Backstory: She has 2 kids and I have none, she has an ex thats an active father as in takes care of kids

That aspect was fine, he lives in yadada and she stays over here in blahblah. The issue came when throughout the relationship she talked about him a bit and i brushed it off cuz Iunderstand people talk about exes sometimes, especially when they have kids together. However, i started hearing too much as in his job, pay, he knew karate he's a big guy, etc and it continued until I blew up about it. (Im an introvert and really i didnt want to ruin the relationship) . But we talked about it and it stopped she apologized and life went on.

Then..i found out hes much older like now in his early..40s? And has loke 6 baby mamas/ other kids. And some of them get along (the baby mamas) and even hamg out at like..4th of july at the (ex male)mamas place. My gf says its because some of them came to terms and do it for the children. I finally understood but its not something i agree with.The issue is now i know all these things and im highly insecure it turns out and feel like a nothing fill in to this older man and I dont know what to do or how to approach it because i dont want her ez be the factor of if i end this relationship .

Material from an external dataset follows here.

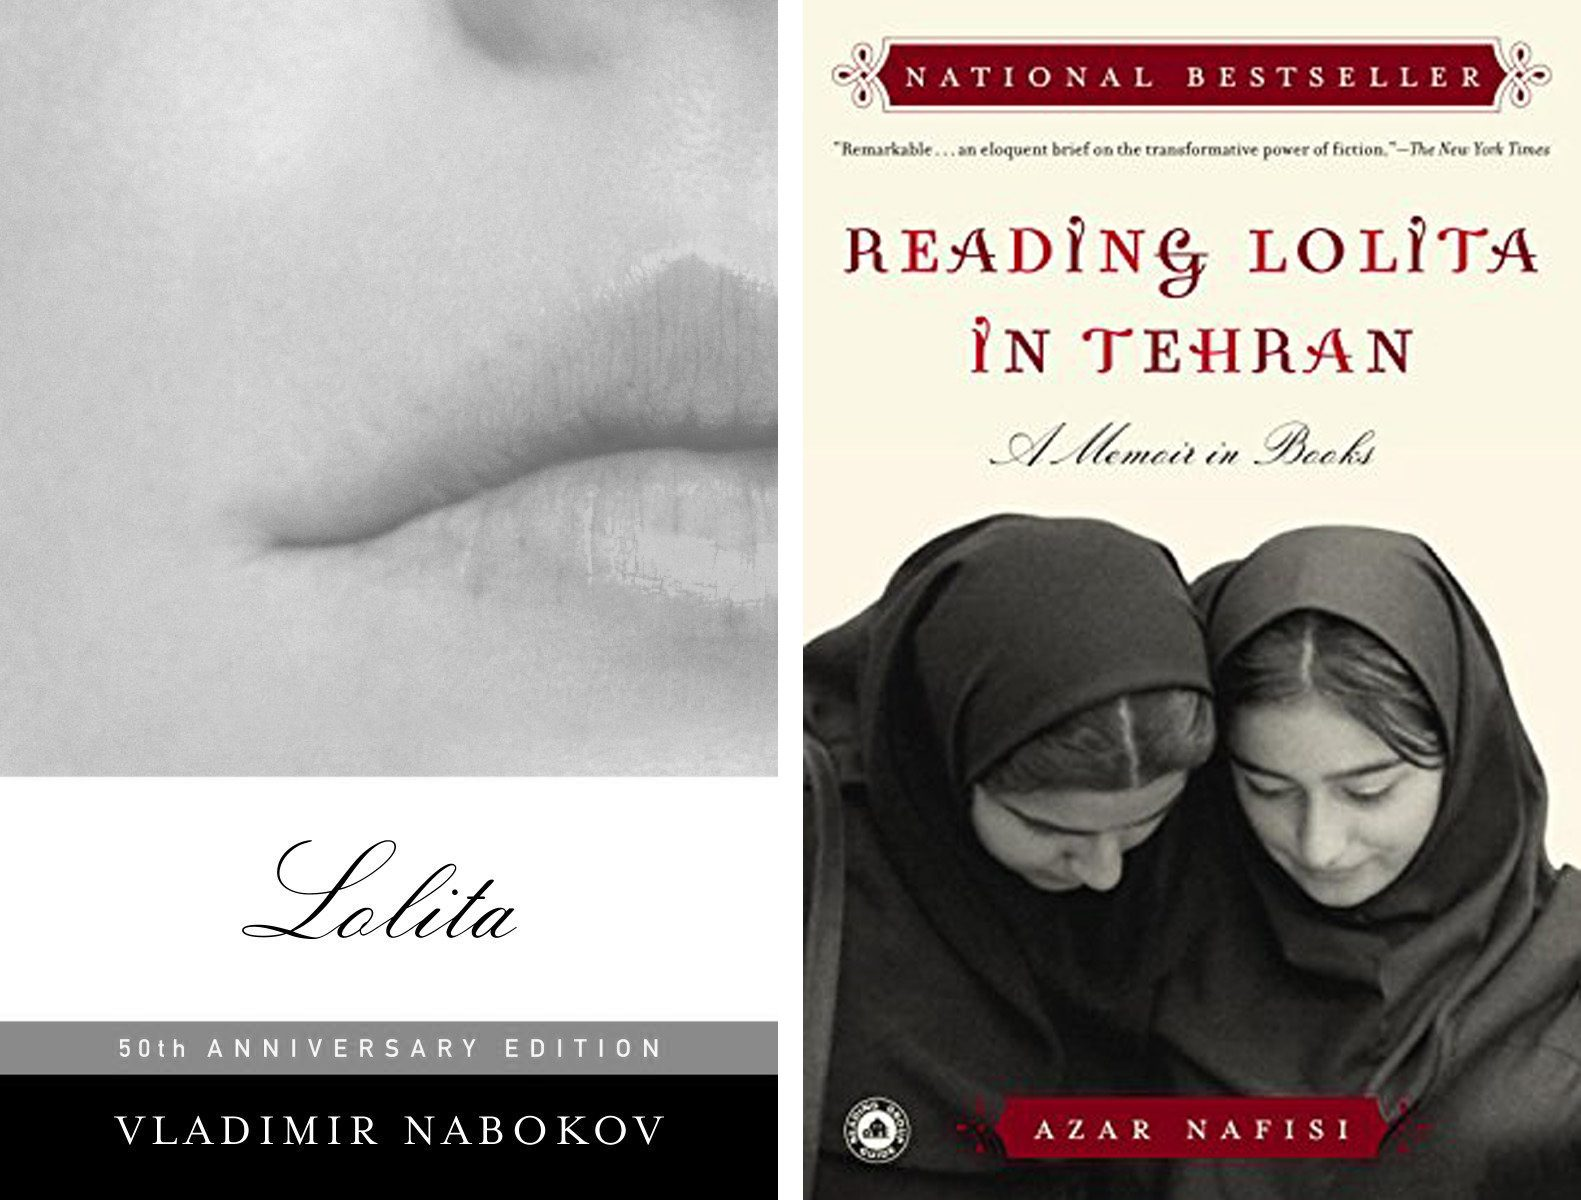 lolita and reading lolita in tehran

Tldr: I feel insecure in comparison to my gfs older ex bf and i dont know how to get over this

回答 (4)

2019-03-21 2:00 am
✔ 最佳答案
First off, imo, YOU have to come to terms with your OWN feels. IF this relationship does not last - it is NOT because of her Ex. It's because YOU cannot deal. So either you come to terms with her past (it will ALWAYS be there) and accept it OR you have to own your feels and accept you cannot get passed, her past.

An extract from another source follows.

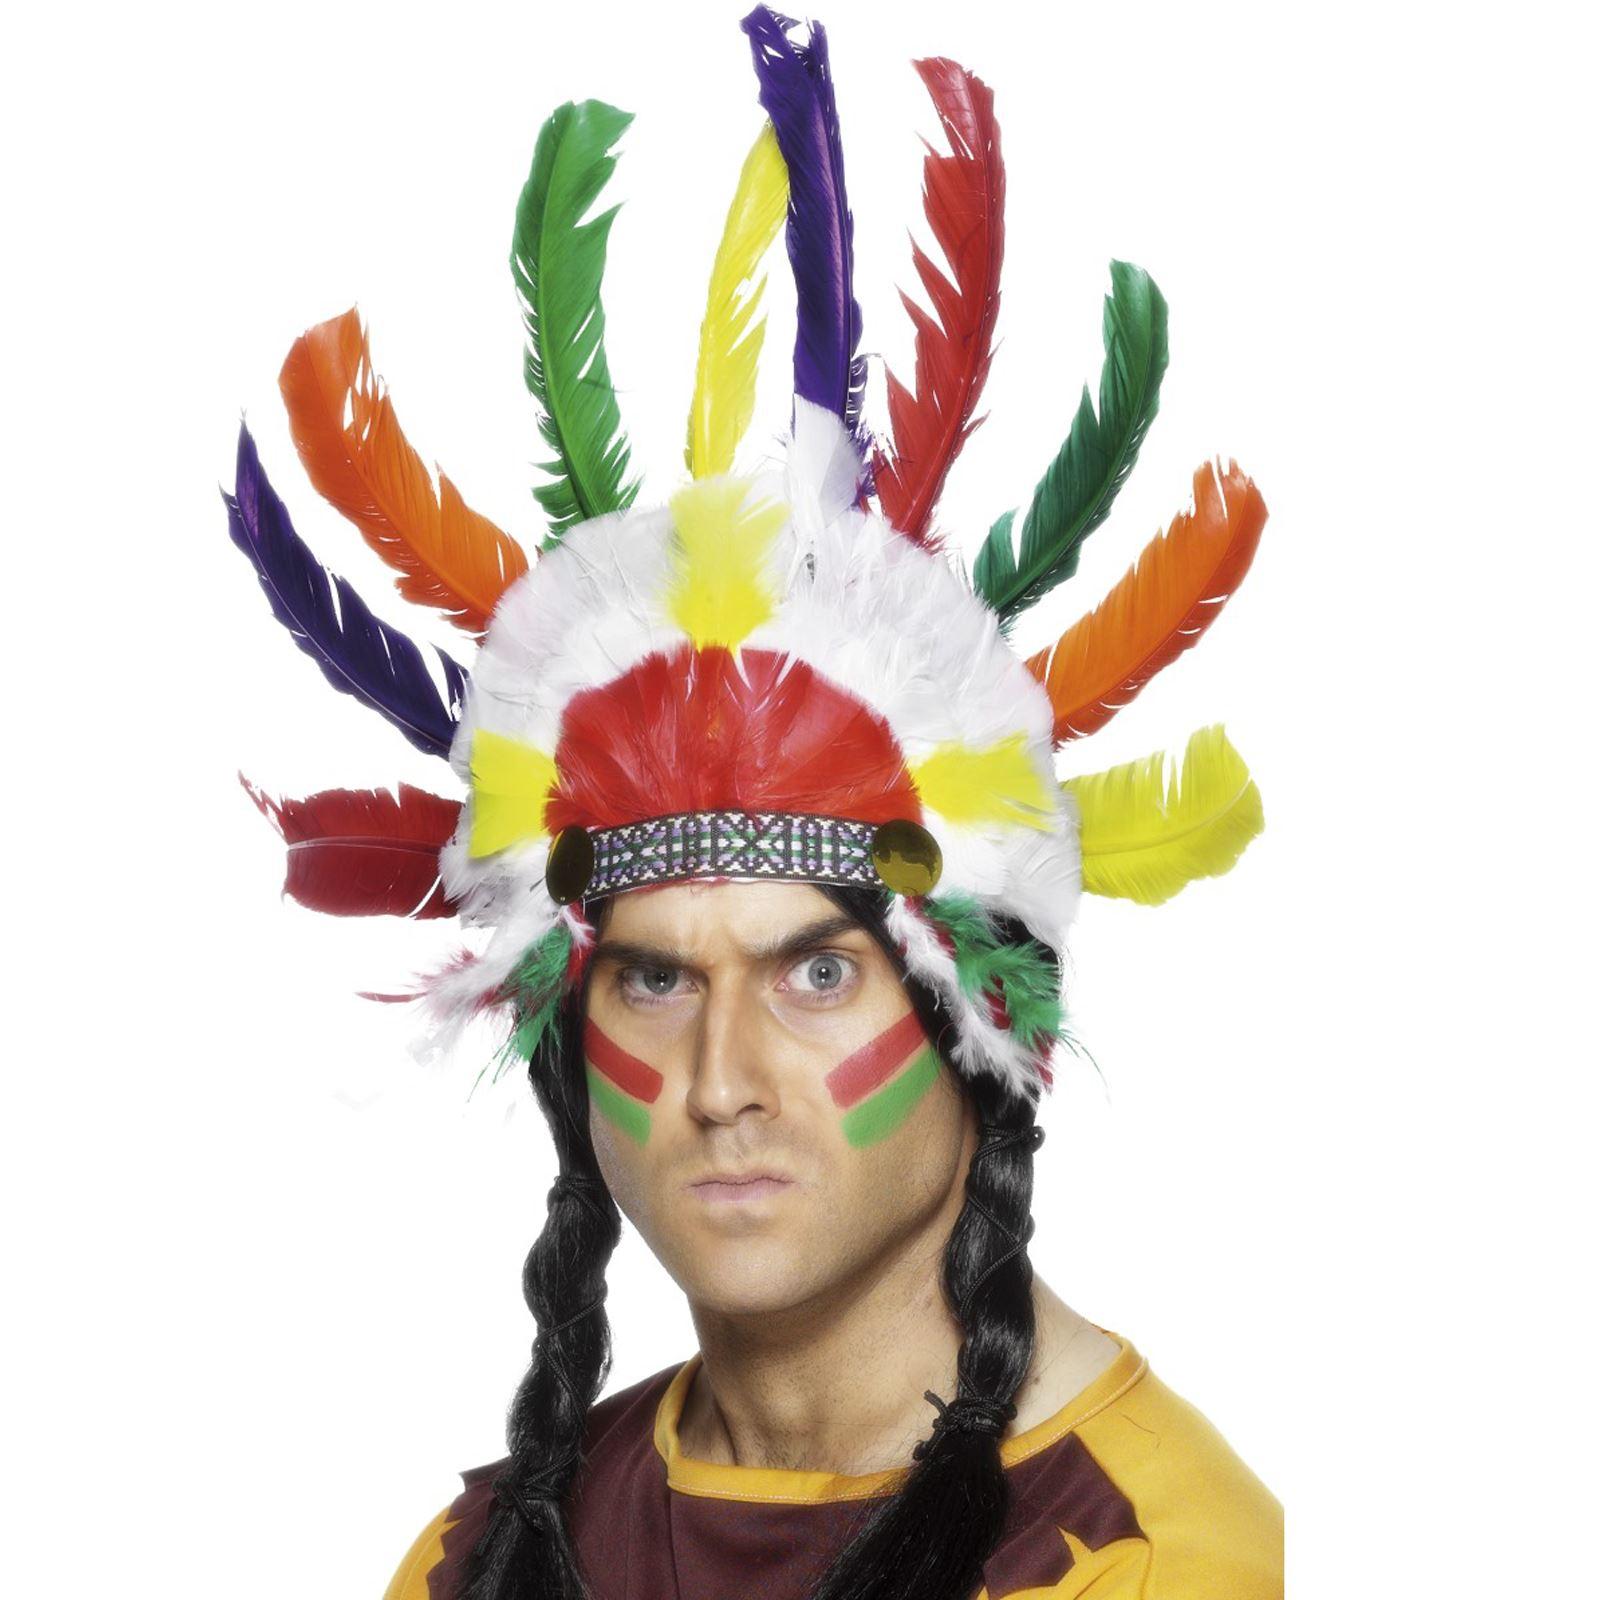 Red Indian Headdress Headpiece Native American Fancy Dress Costume Accessory

No blaming her, no blaming him, no blaming their kids. Especially if you knew about she had kids before you hooked up with her. It's not like she got them from WalMart - women with kids come with some sort of situation and you as the new beau need to have the strength to support her/kids and that situation in order to be in the picture.

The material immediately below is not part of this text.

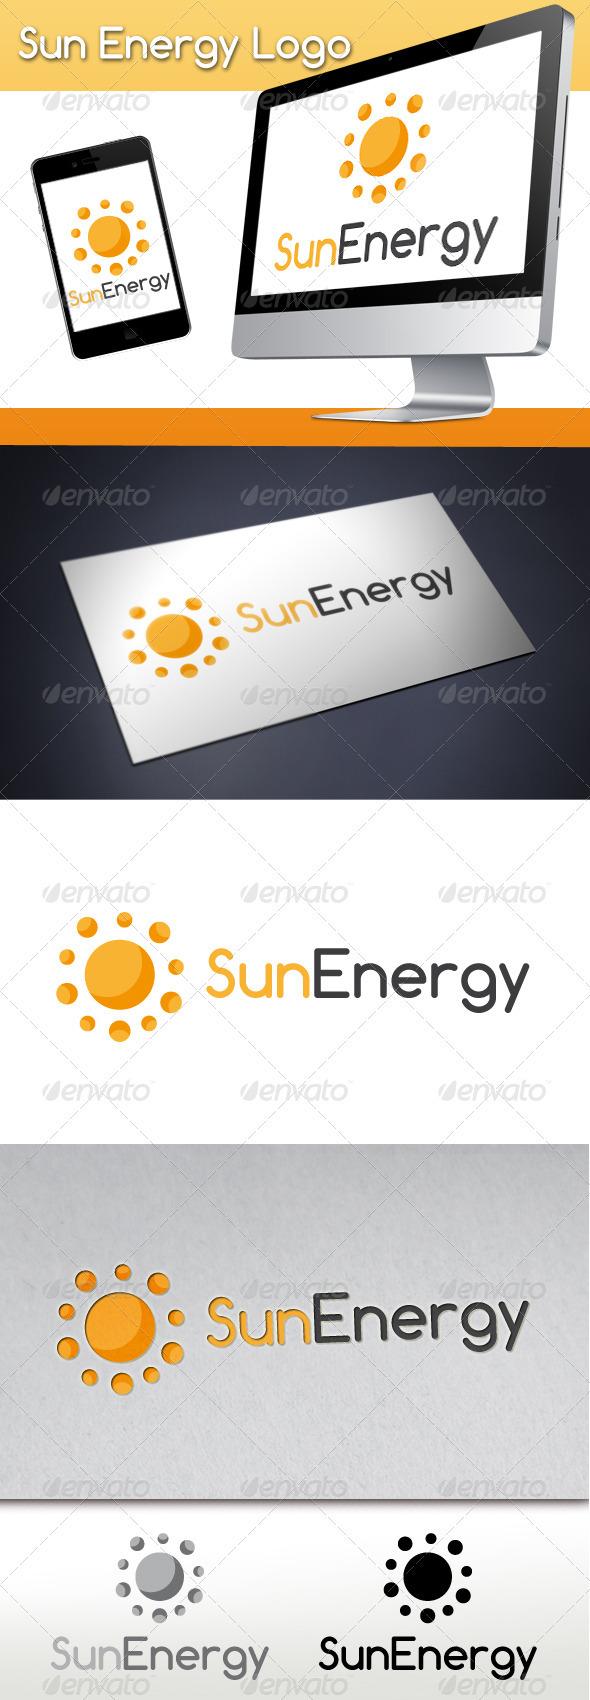 GraphicRiver Sun Energy Logo 3279006

IF you cannot do that - then you owe it to yourself and to her to break it off and move on. Good luck.
2019-03-21 1:55 am
Request to not be involved in discussions about him. As her child's father, she will continue to have contact with him. Pointless comparisons serve no one - she's with YOU now.
2019-03-21 5:00 am
Yeah, guys don't like to hear about an ex all the time. Tell her she has to cut it out, it gets old hearing about him all the time or you are going to have to find someone else because you just can't handle it anymore.
2019-03-21 2:37 am
I have some bad news. You are not just being compared to her ex, but every guy she has ever dated. Grow a backbone and come to realize there are reasons she chose to be with you and not him.